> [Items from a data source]
• • • • •

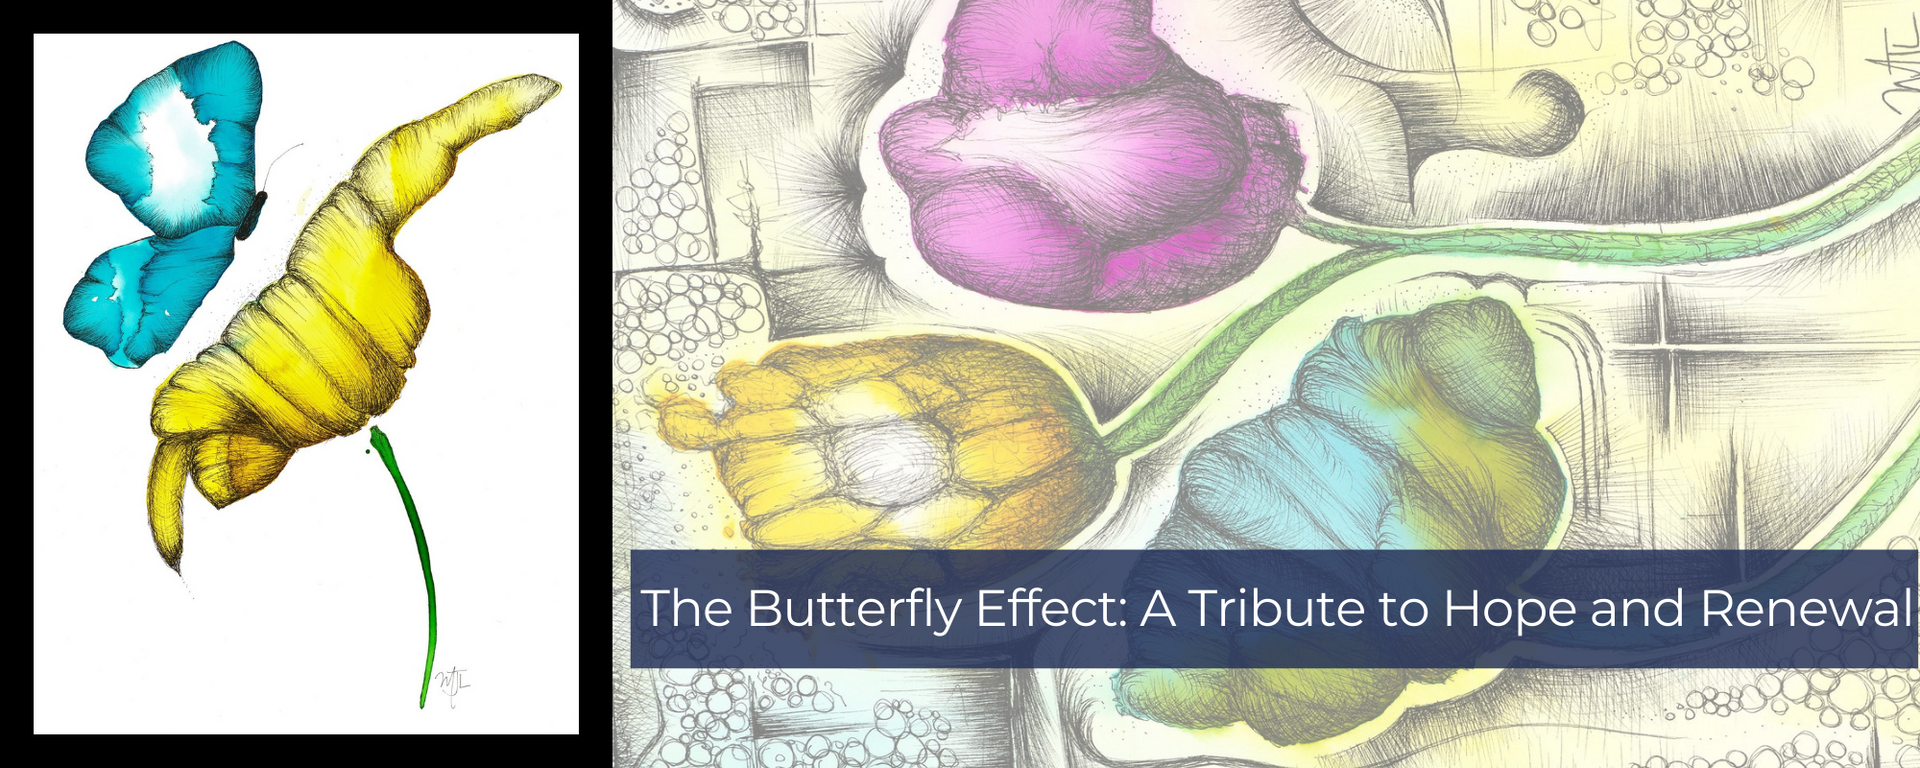 The Butterfly Effect: A Tribute to Hope and Renewal
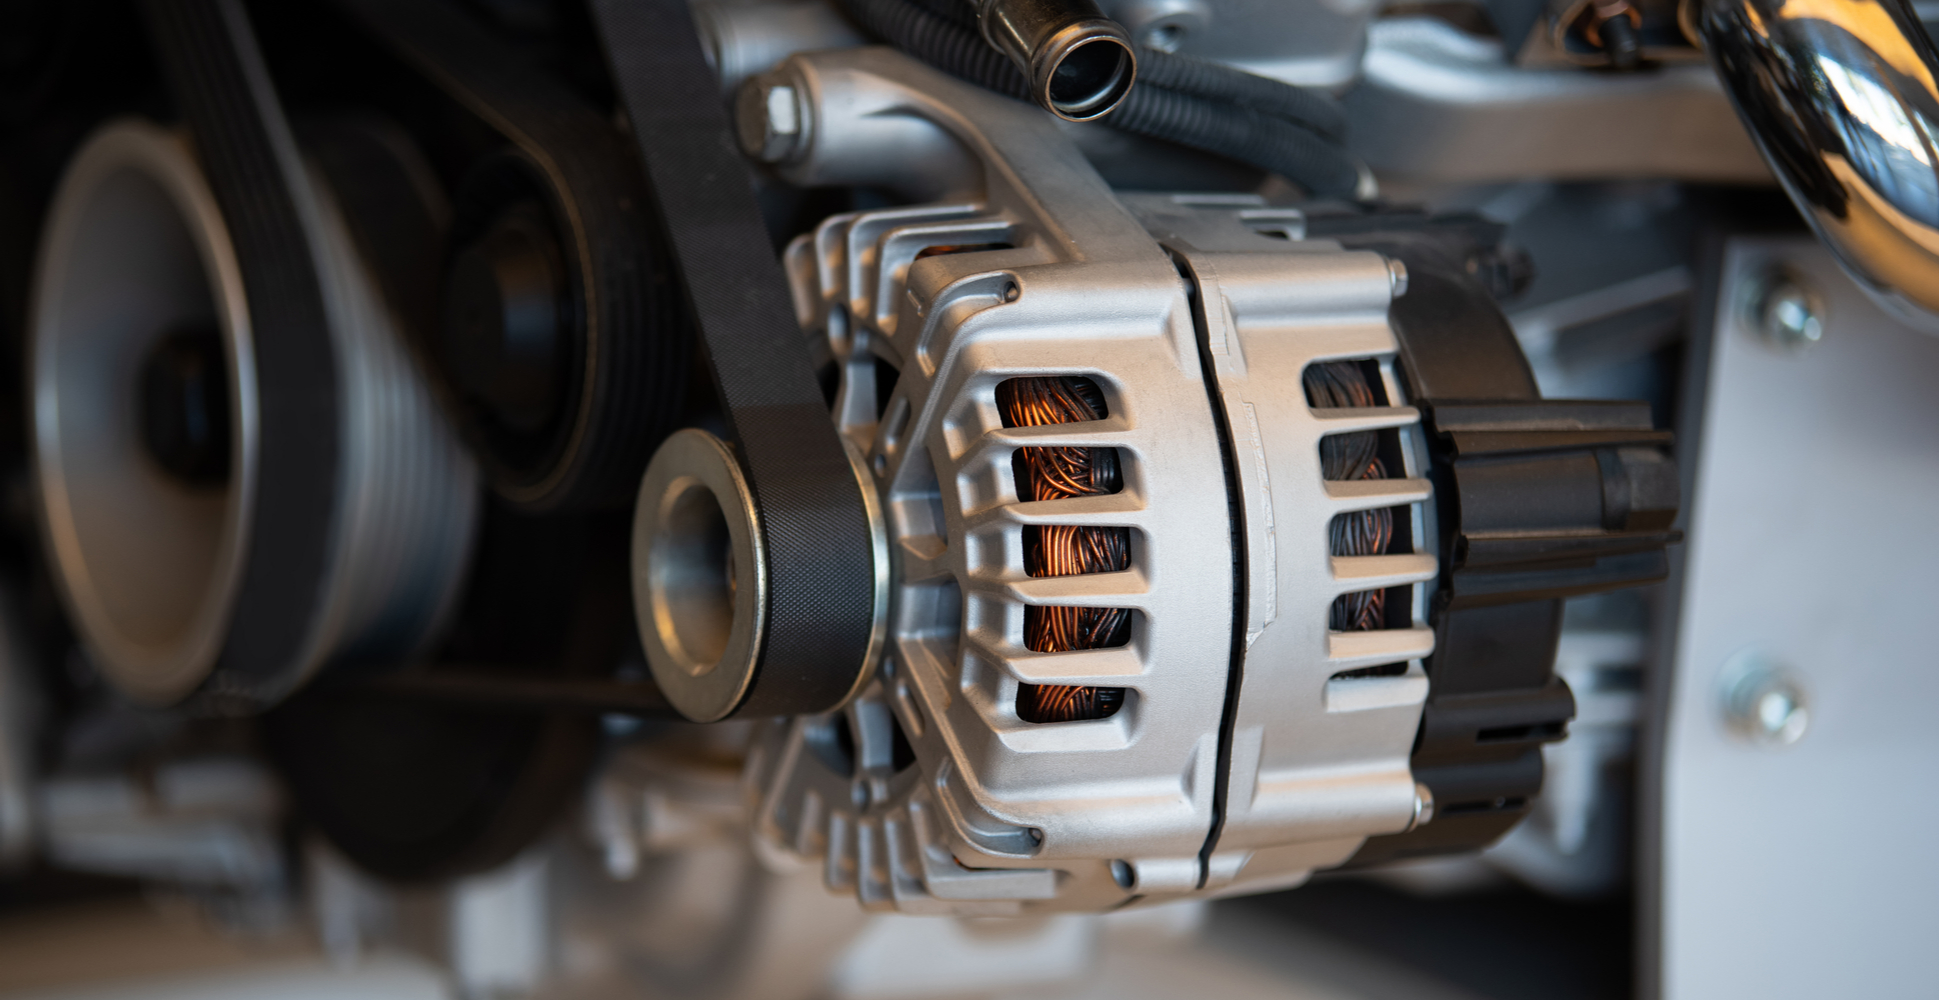 What Size Alternator Do You Need For A Car Audio System?
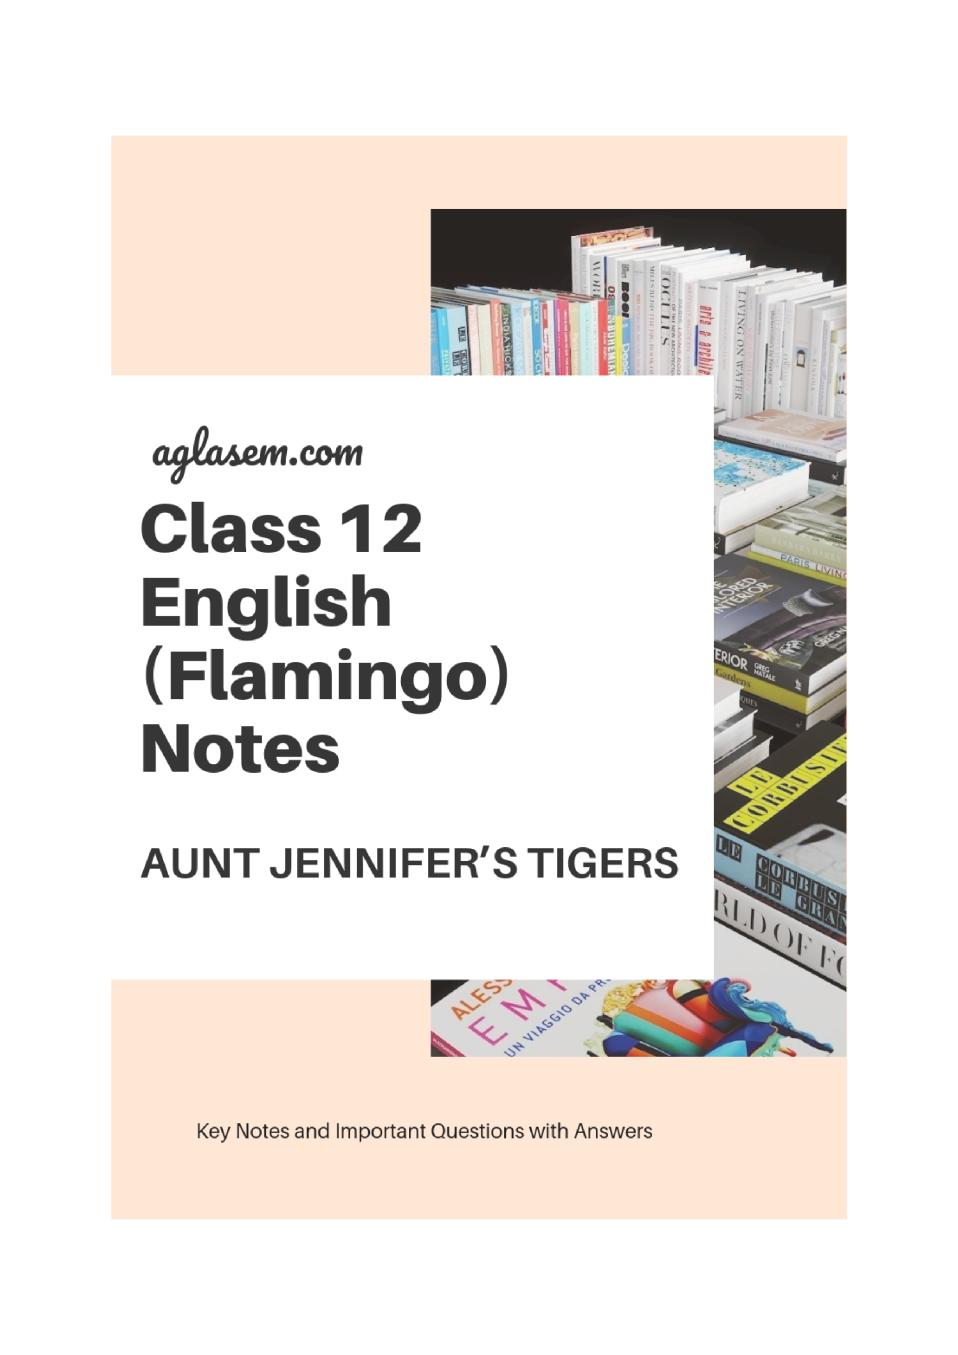 Class 12 English Flamingo Notes For Aunt Jennifer’s Tigers - Page 1
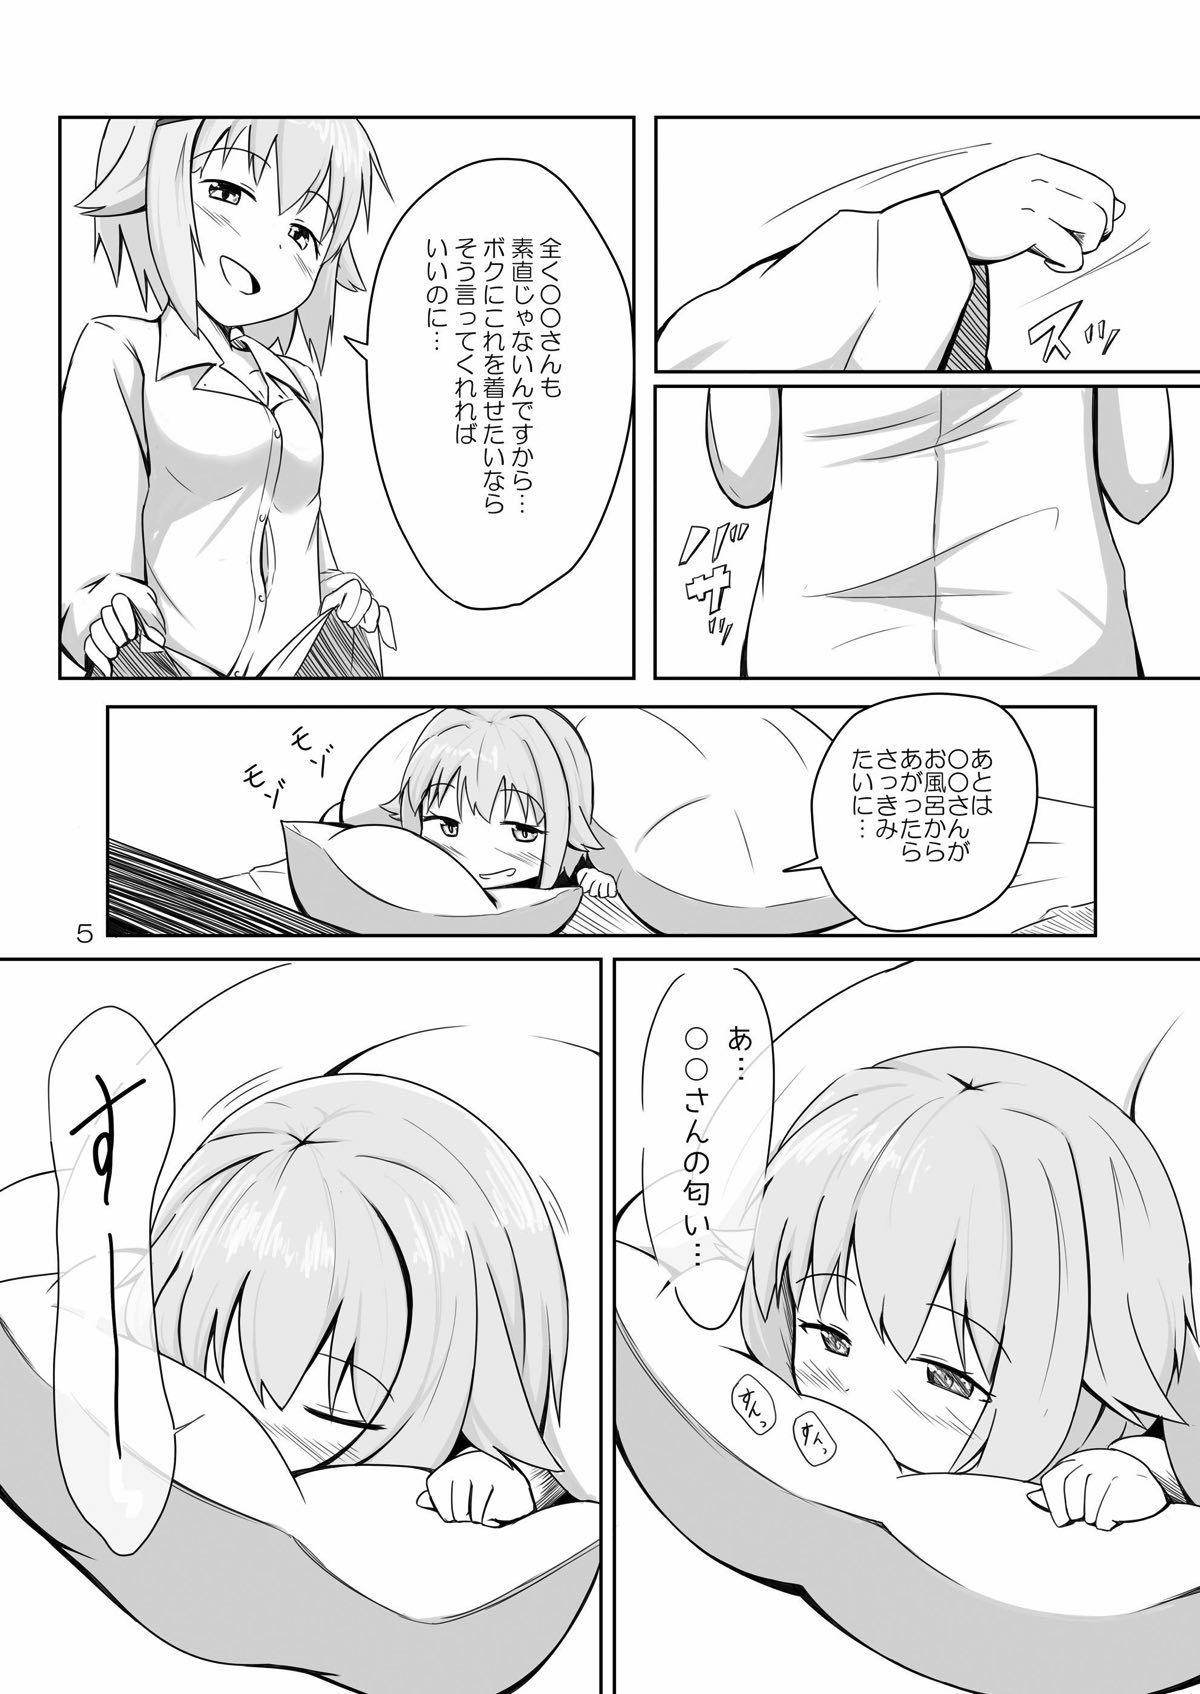 Fisting SACHIKO in my room - The idolmaster Huge - Page 4
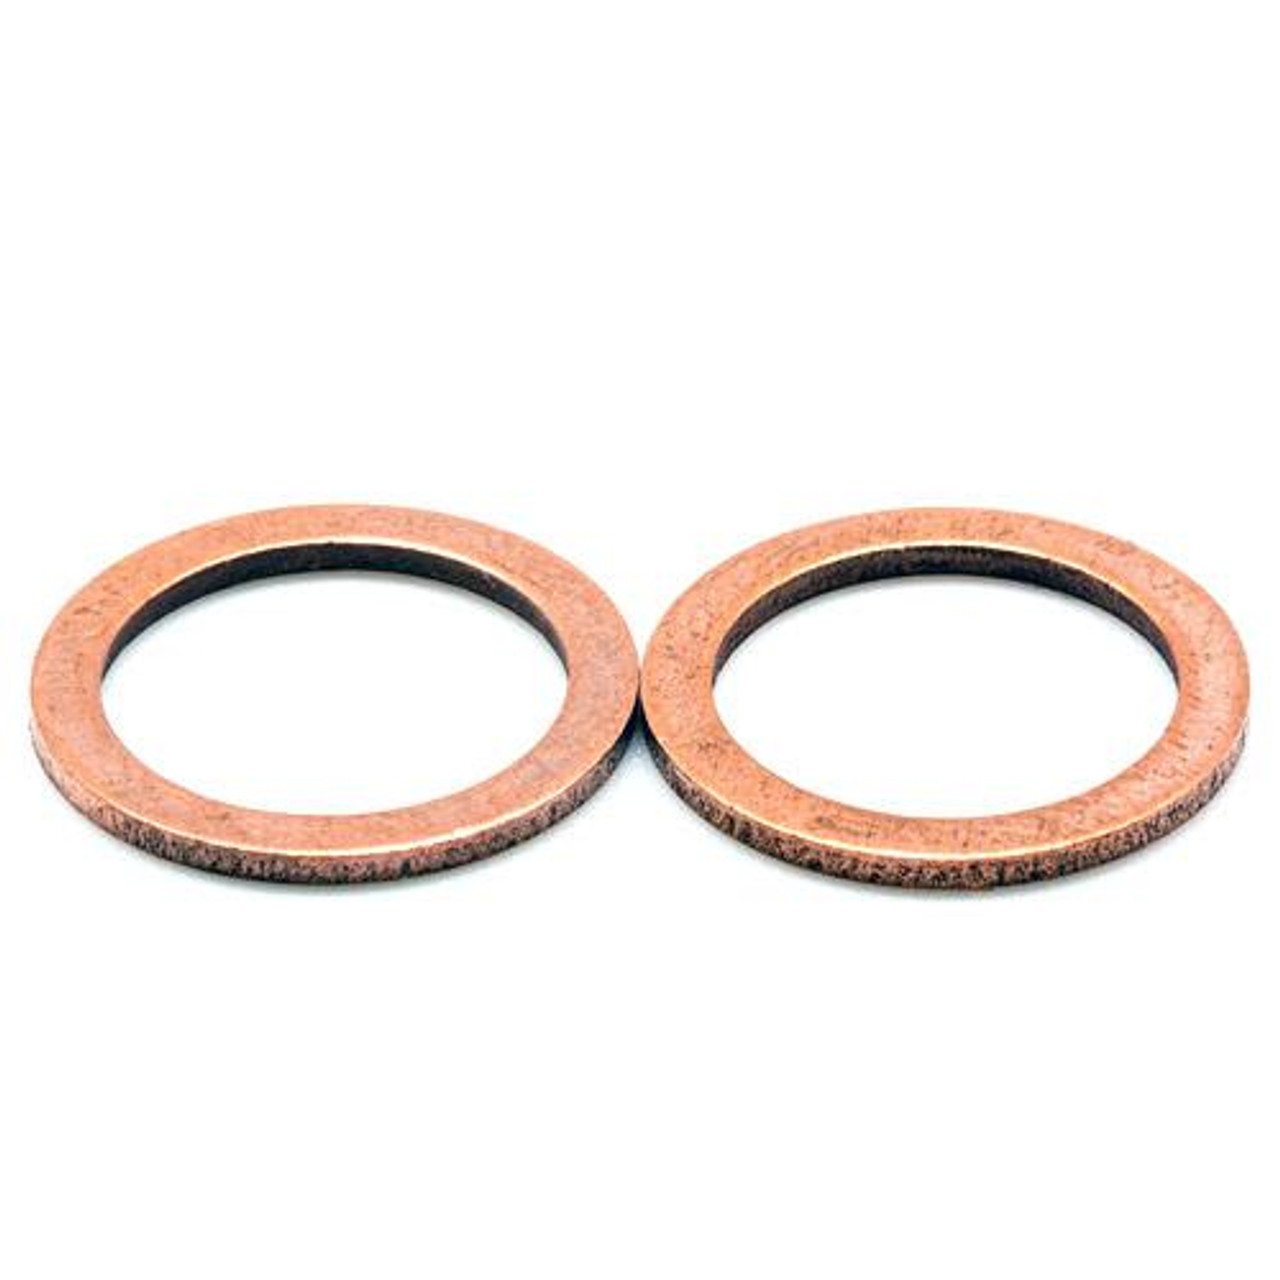 BLOX RACING OUTLET CRUSHER WASHERS - 2-PACK

• • • • •

> [WORK ORDER]
Return every line shown above without changing a word, and skip the pictures.

> [SOLUTION TO THIS PROBLEM]
 The Butterfly Effect: A Tribute to Hope and Renewal
 What Size Alternator Do You Need For A Car Audio System?
 Class 12 English Flamingo Notes For Aunt Jennifer’s Tigers - Page 1
 Fisting SACHIKO in my room - The idolmaster Huge - Page 4
 BLOX RACING OUTLET CRUSHER WASHERS - 2-PACK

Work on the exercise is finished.